AWS LocalStack + Spark Cluster + Zeppelin using Docker
This stack can be deployed into any local development environment which runs docker. It provides a way to develop analytic jobs (Lambda/Glue/EMR etc.) offline avoiding incuring costs on AWS by mocking AWS resources LocalStack.
- Install Docker for Desktop
- Windows Users:
make install
LocalStack Home Dashboard: http://localhost:8055/#!/infra
Resources used in this example:
- S3 http://localhost:4572
- DynamoDB http://localhost:4569
- Lambda http://localhost:4574
- Creating a test bucket and uploading a text file.
aws --endpoint-url=http://localhost:4572 s3 mb s3://dap-test-local-bucket
aws --endpoint-url=http://localhost:4572 s3 cp localstack/test-s3-file.txt s3://dap-test-local-bucket/
- You can use Python Boto3 client to check the contents in a bucket.
import boto3
s3_conn = boto3.client('s3', endpoint_url='http://localhost:4572')
objects = s3_conn.list_objects_v2(Bucket='dap-test-local-bucket')['Contents']
objects
[{'Key': 'test-s3-file.txt', 'LastModified': datetime.datetime(2019, 11, 14, 13, 52, 54, 713000, tzinfo=tzutc()), 'ETag': '"39a870a194a787550b6b5d1f49629236"', 'Size': 10, 'StorageClass': 'STANDARD'}]
- Check the test lambda function
localstack/lambda_function.py
import boto3
import logging
from datetime import datetime
LOGGER = logging.getLogger()
LOGGER.setLevel(logging.INFO)
S3_CLIENT = boto3.client('s3', endpoint_url='http://localhost:4572')
def handler(event, context):
LOGGER.info('I\'m putting something in S3')
test_object_key = 'a-object-{0}'.format(datetime.now().isoformat())
S3_CLIENT.put_object(
Bucket='dap-test-local-bucket',
Key=test_object_key,
Body='some body'
)
return {
"message": "{0} placed into S3".format(test_object_key)
}
- Register lambda function to AWS (LocalStack)

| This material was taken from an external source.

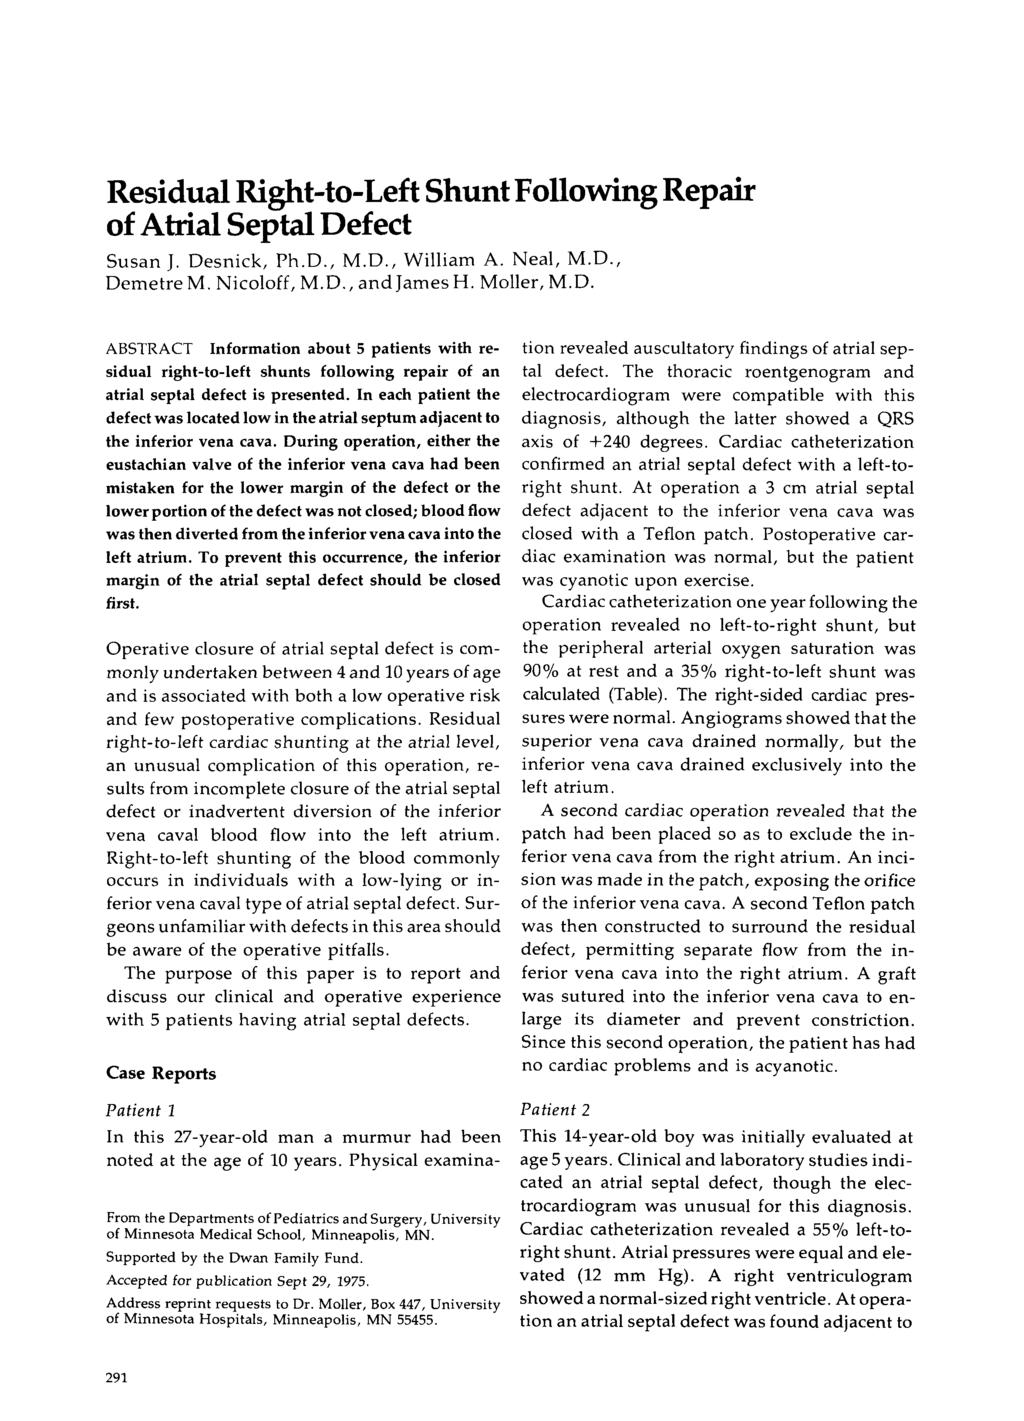 Residual Right=to-Left Shunt Following Repair of Atrial Septal Defect Susan J. Desnick, Ph.D., M.D., William A. Neal, M.D., Demetre M. Nicoloff, M.D., and James H. Moller, M.D. ABSTRACT Information about 5 patients with residual right-to-left shunts following repair of an atrial septal defect is presented.

zip lambda_function.zip lambda_function.py
aws --endpoint-url=http://localhost:4574 lambda create-function \
--region eu-west-2 \
--function-name local-test-function \
--runtime python3.7 \
--handler lambda_function.handler \
--memory-size 128 \
--zip-file fileb://localstack/lambda_function.zip \
--role arn:aws:iam::123456:role/notavailable
- Invoke Lambda function to test
aws --endpoint-url=http://localhost:4574 lambda invoke --function-name local-test-function out --log-type Tail
- Create Table
aws --endpoint-url=http://localhost:4569 dynamodb create-table \
--table-name LocalTestTable \
--attribute-definitions \
AttributeName=Name,AttributeType=S AttributeName=Desciption,AttributeType=S \
--key-schema AttributeName=Name,KeyType=HASH AttributeName=Desciption,KeyType=RANGE \
--provisioned-throughput ReadCapacityUnits=1,WriteCapacityUnits=1
aws --endpoint-url=http://localhost:4569 dynamodb put-item \
--table-name LocalTestTable \
--item '{
"Name": {"S": "nilan3"},
"Description": {"S": "Nilan Balachandran"} ,
"Role": {"S": "Owner"} }' \
--return-consumed-capacity TOTAL
- Query table
aws --endpoint-url=http://localhost:4569 dynamodb scan --table-name LocalTestTable
Local testing using a Spark standalone cluster and storing dummy data in LocalStack S3 to read from.
Access Zeppelin notebook and run Spark code (http://localhost:7000)
Access spark UI http://localhost:7080/